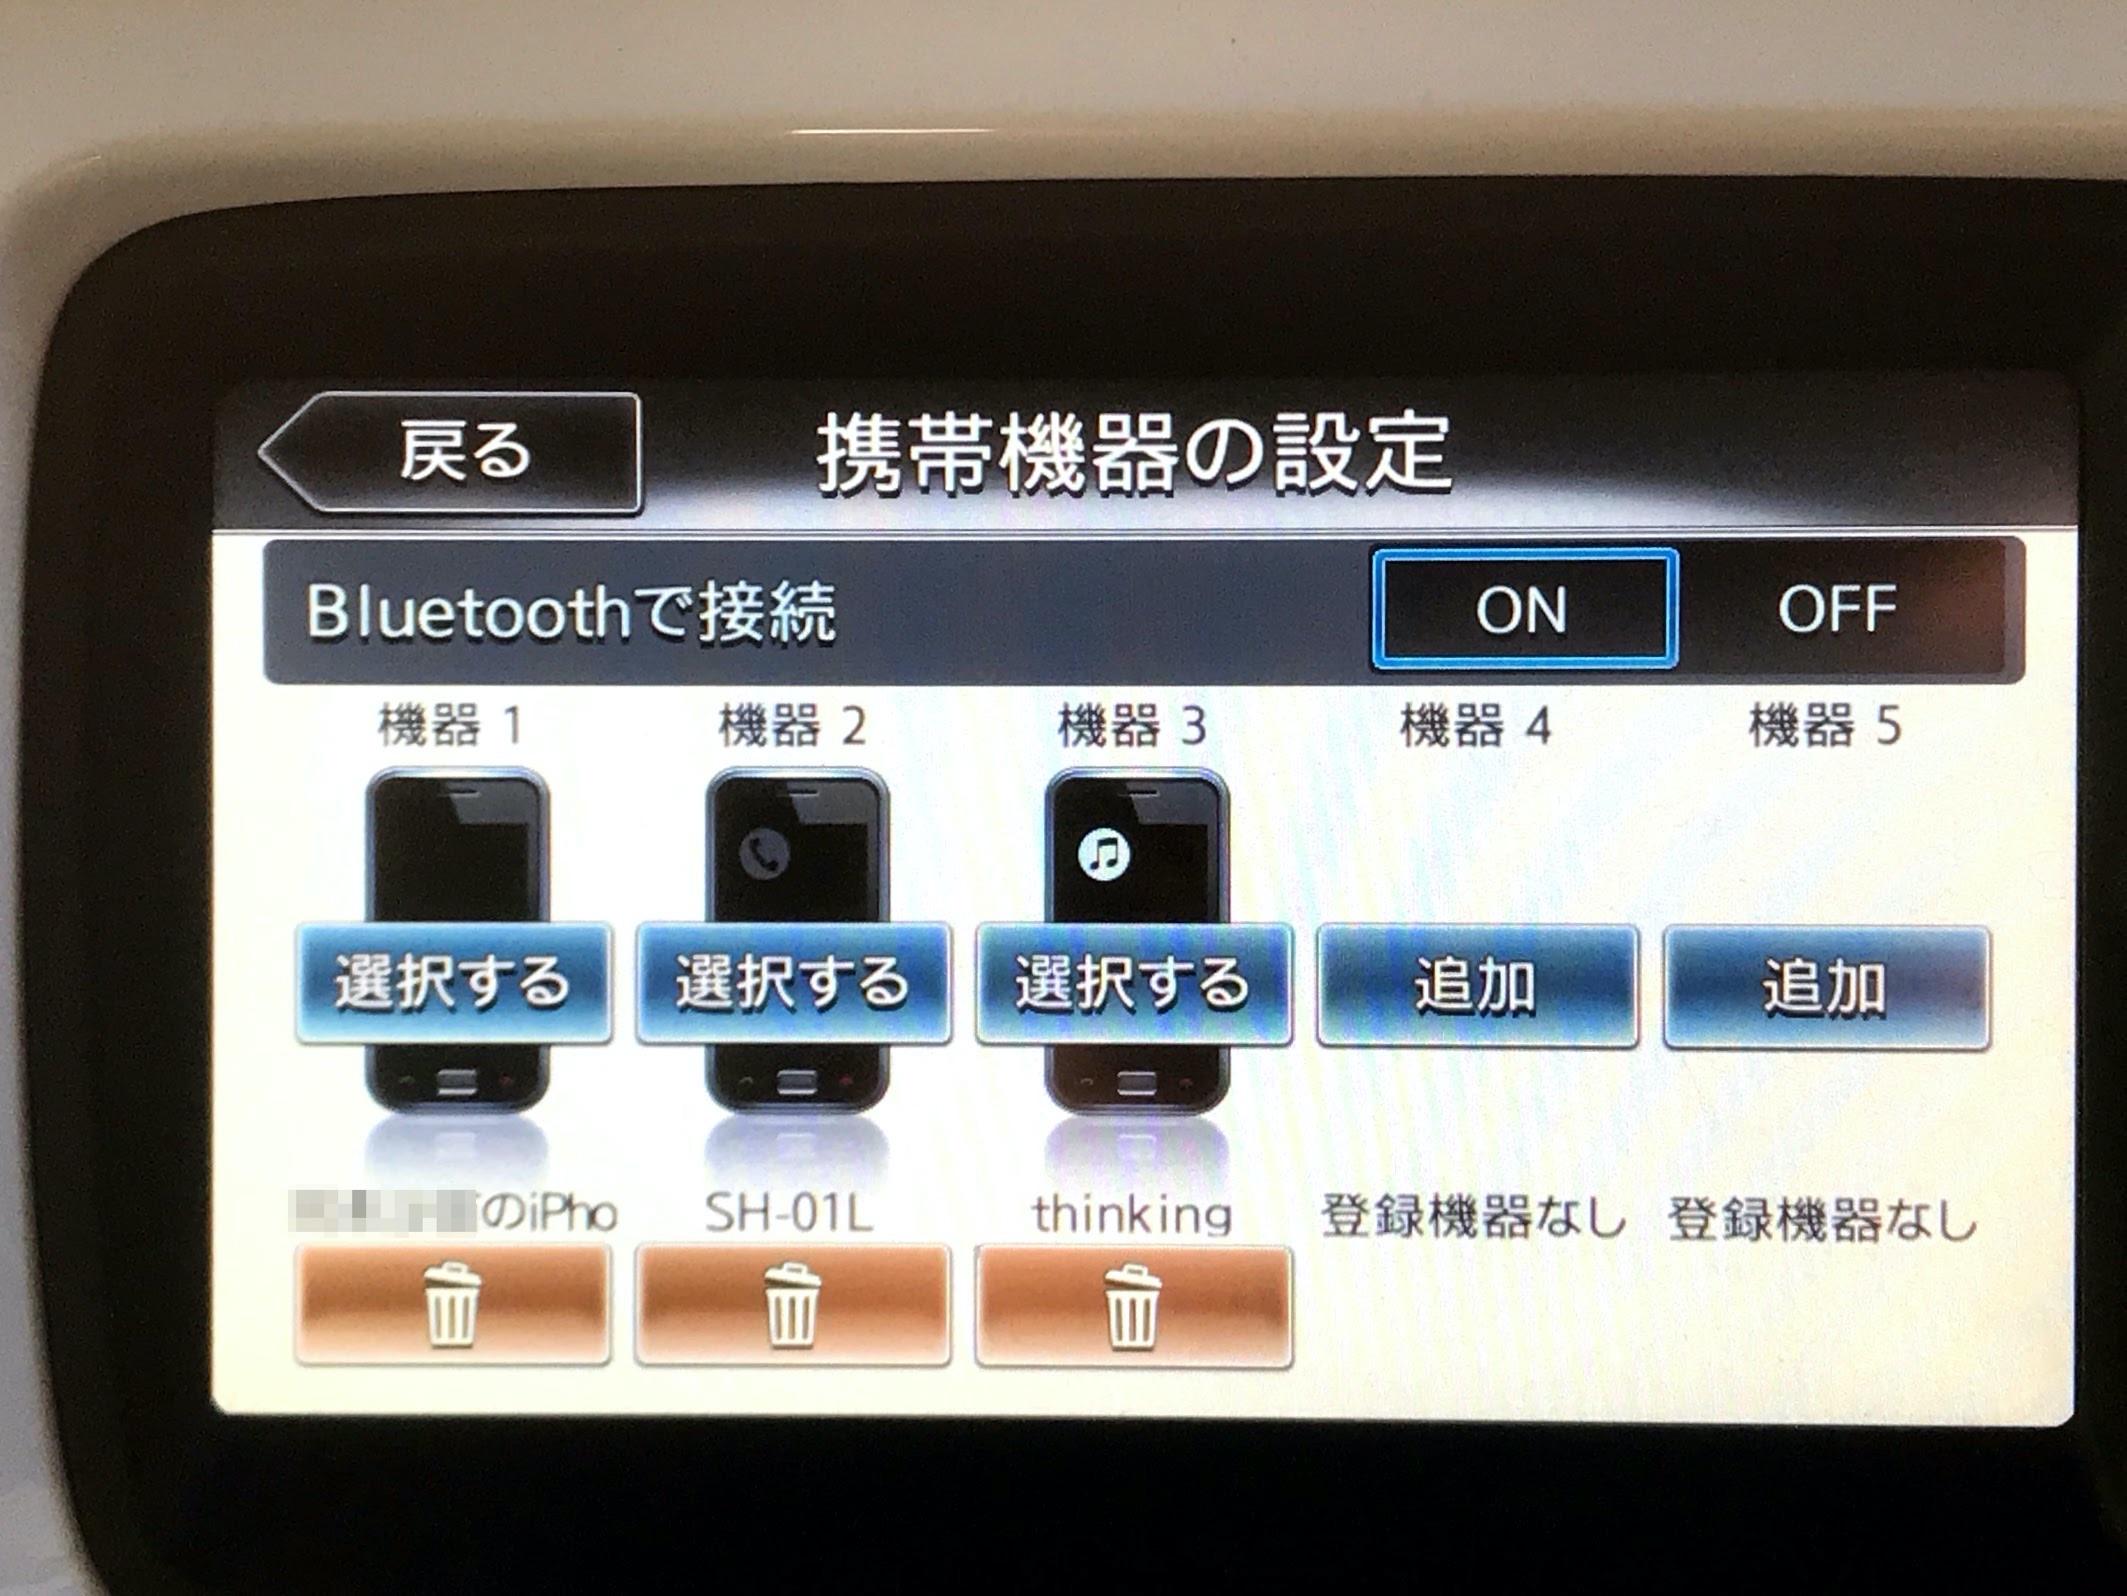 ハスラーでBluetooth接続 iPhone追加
-*-*-
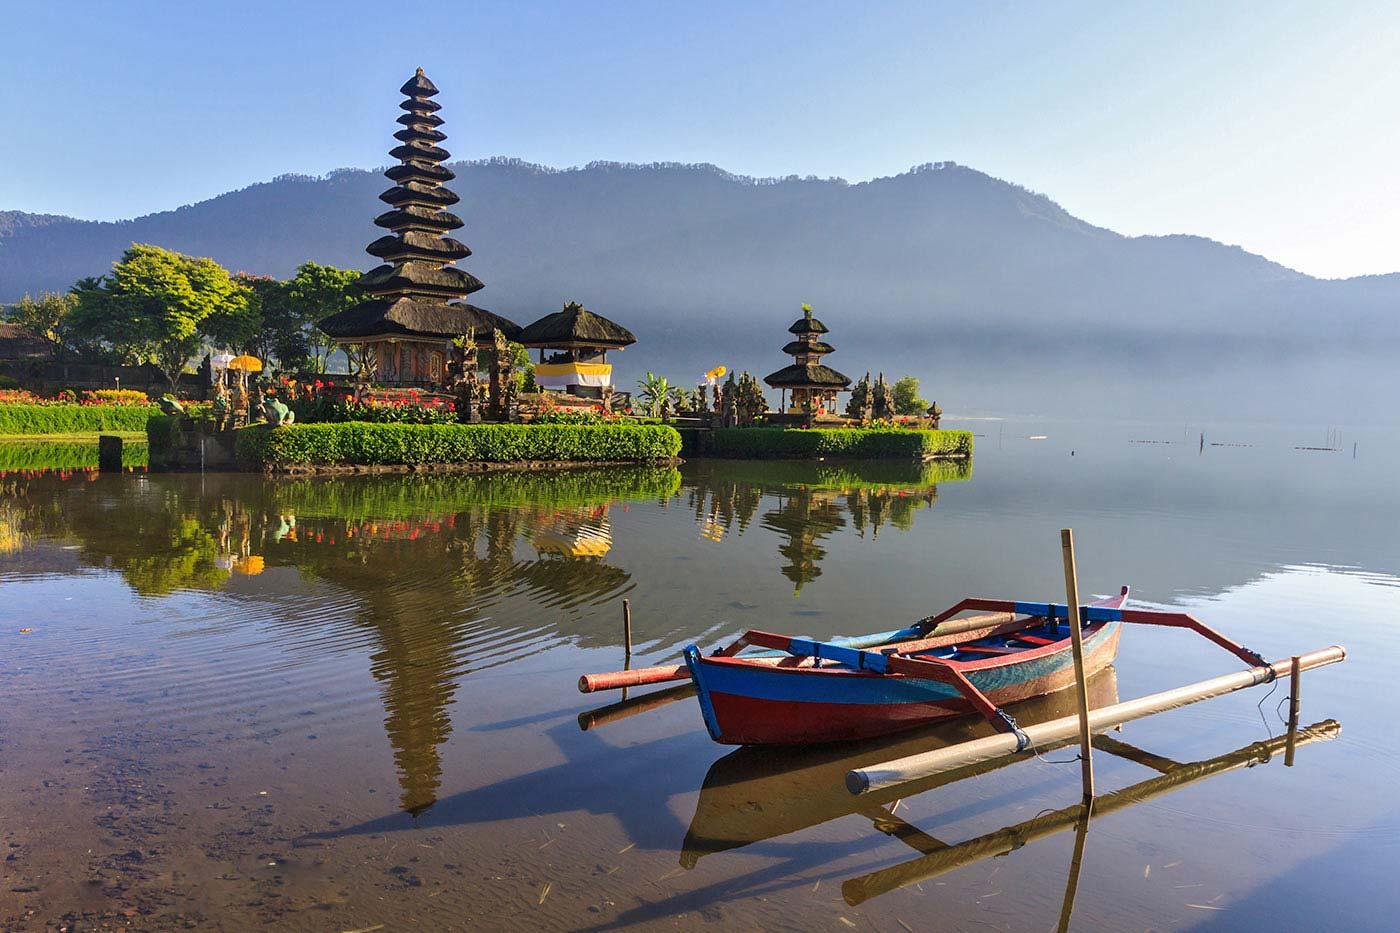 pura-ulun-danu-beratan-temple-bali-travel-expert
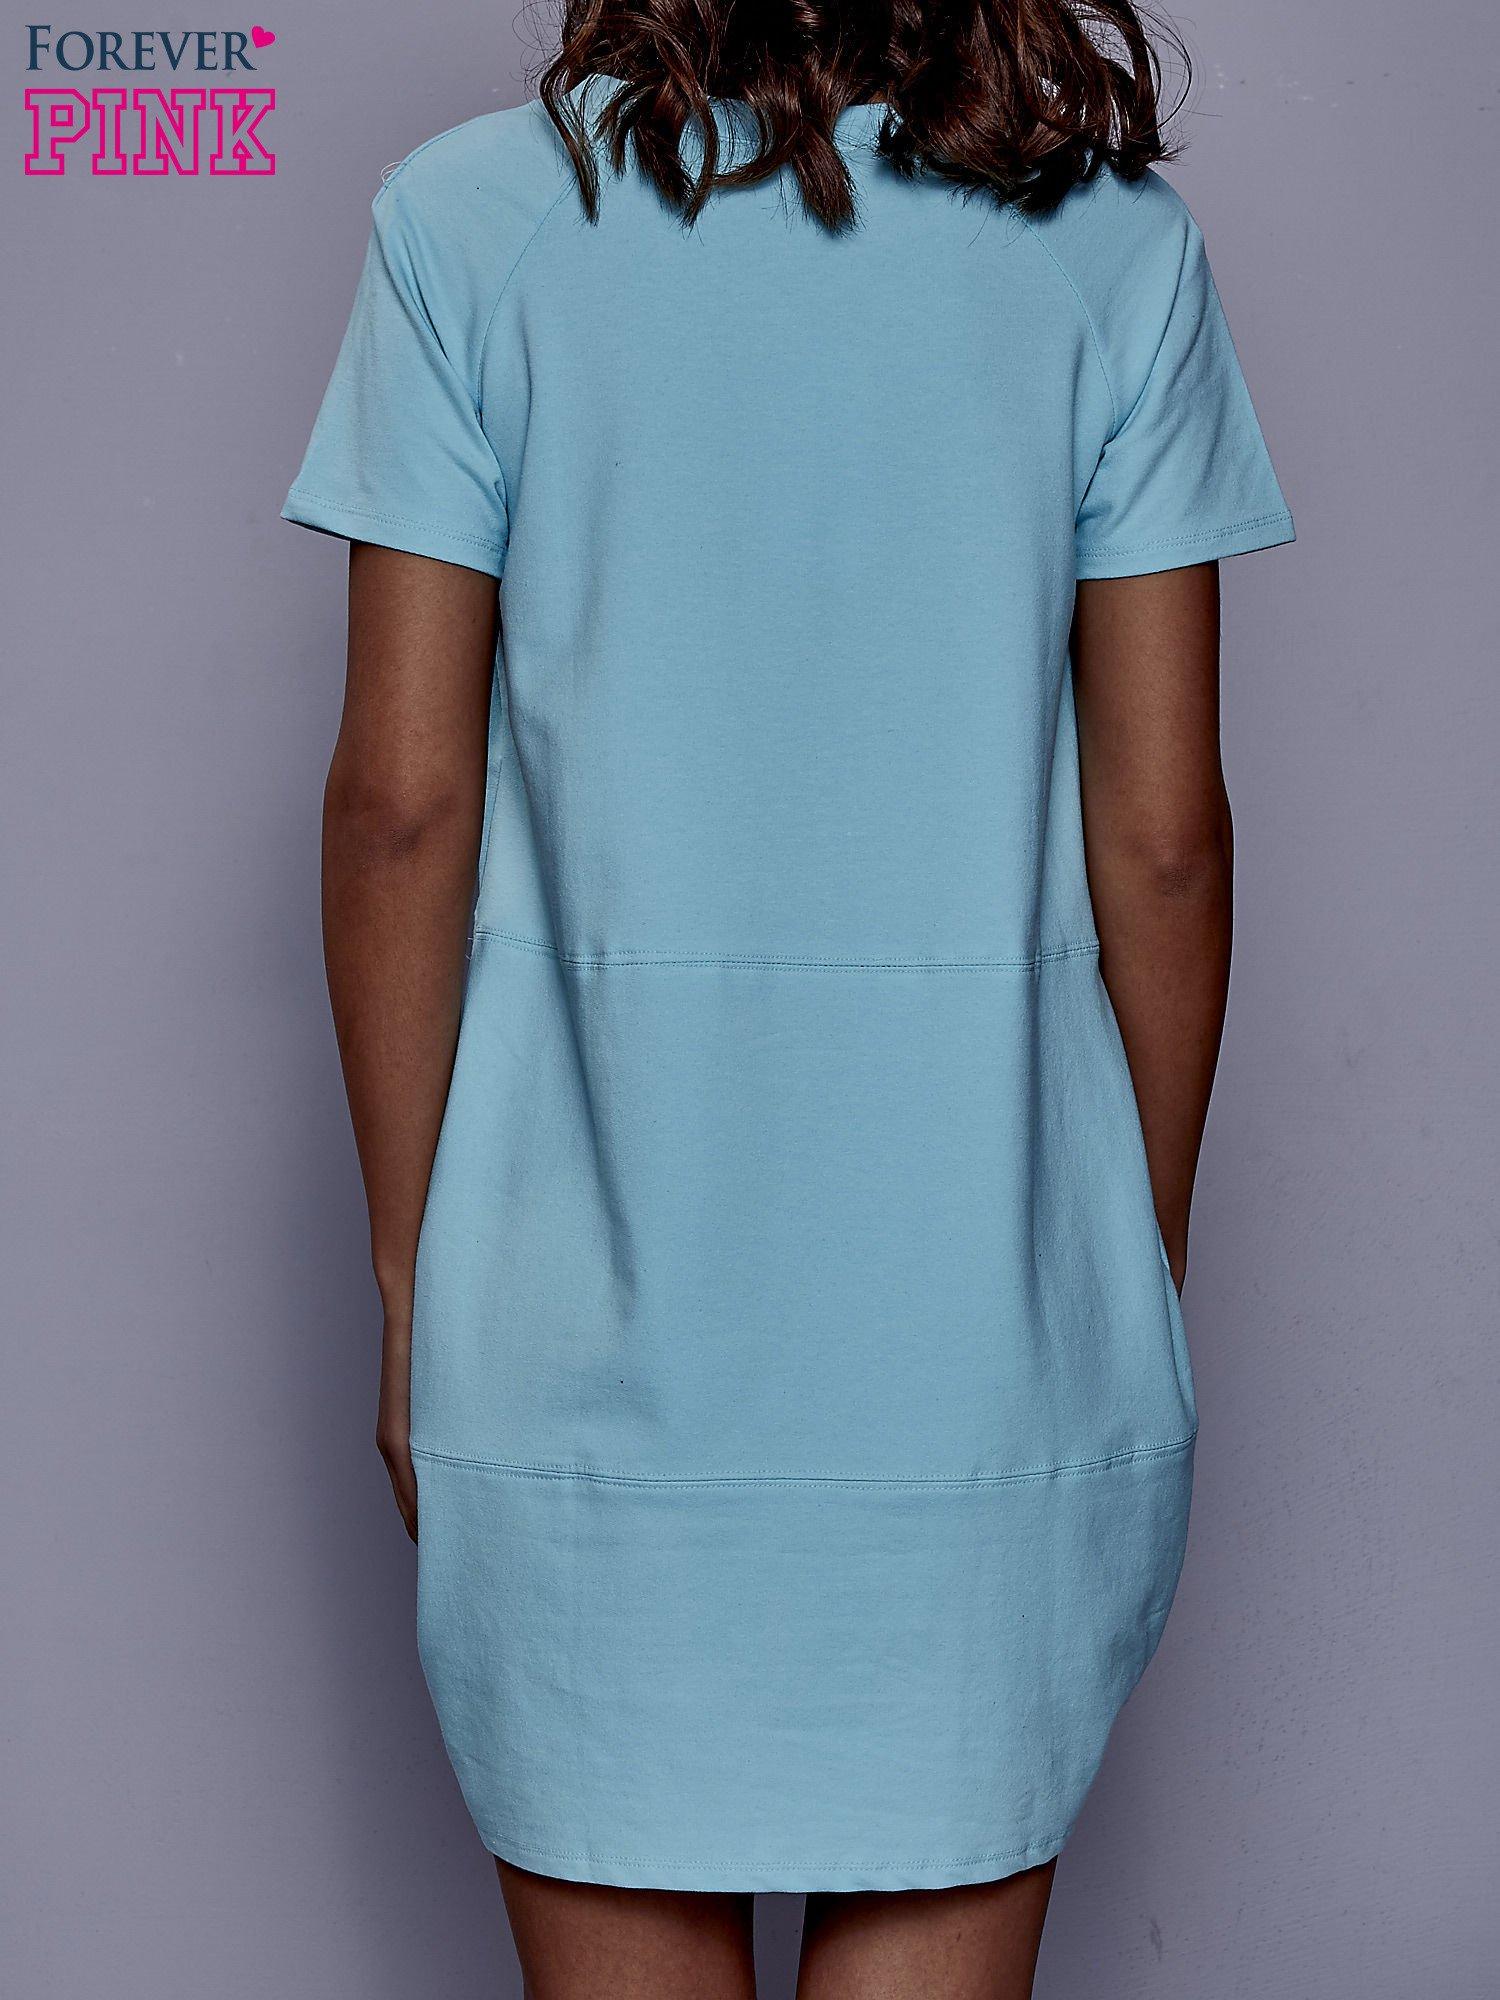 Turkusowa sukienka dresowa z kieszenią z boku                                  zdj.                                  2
-*-*-
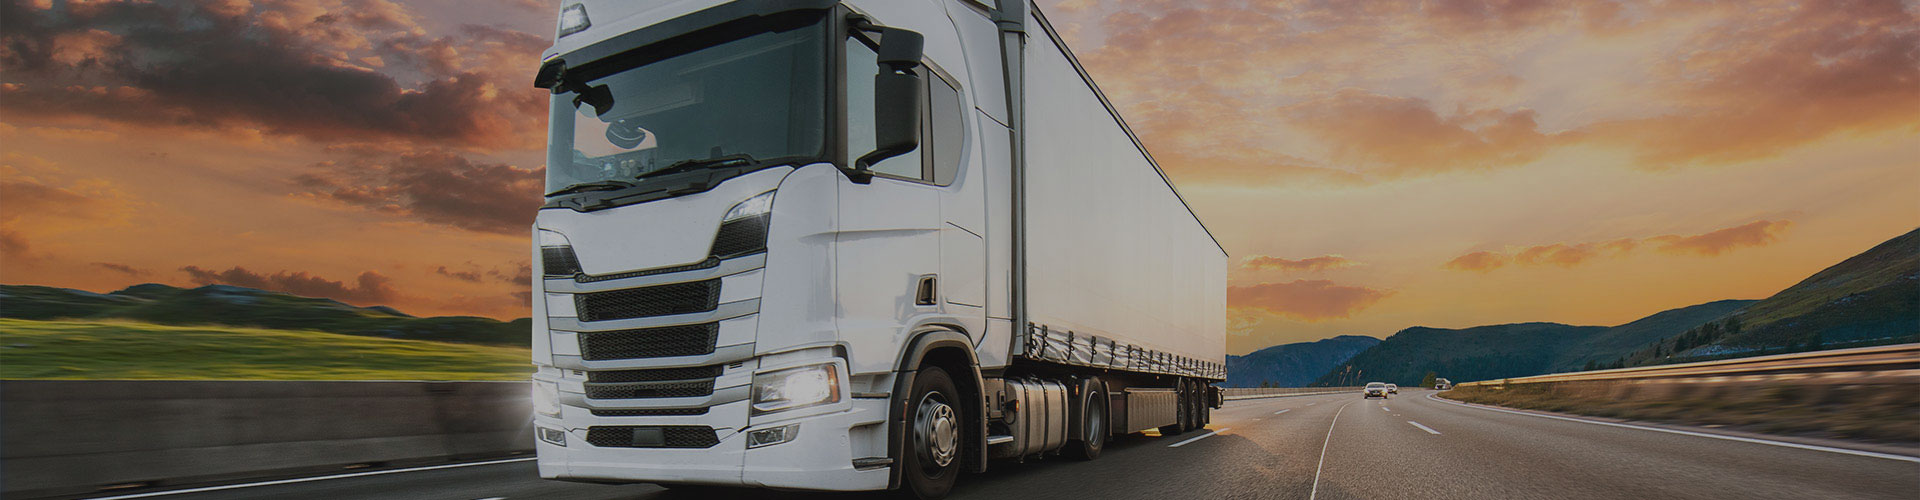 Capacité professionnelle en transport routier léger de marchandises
-*-*-
Work task ::
In the records above, find the line with "pura-ulun-danu-beratan-temple-bali-travel-expert" and the line with "Turkusowa sukienka dresowa", then restate word for word only those two lines and all lines between, omitting pictures.

Response below ::
 pura-ulun-danu-beratan-temple-bali-travel-expert
 Turkusowa sukienka dresowa z kieszenią z boku                                  zdj.                                  2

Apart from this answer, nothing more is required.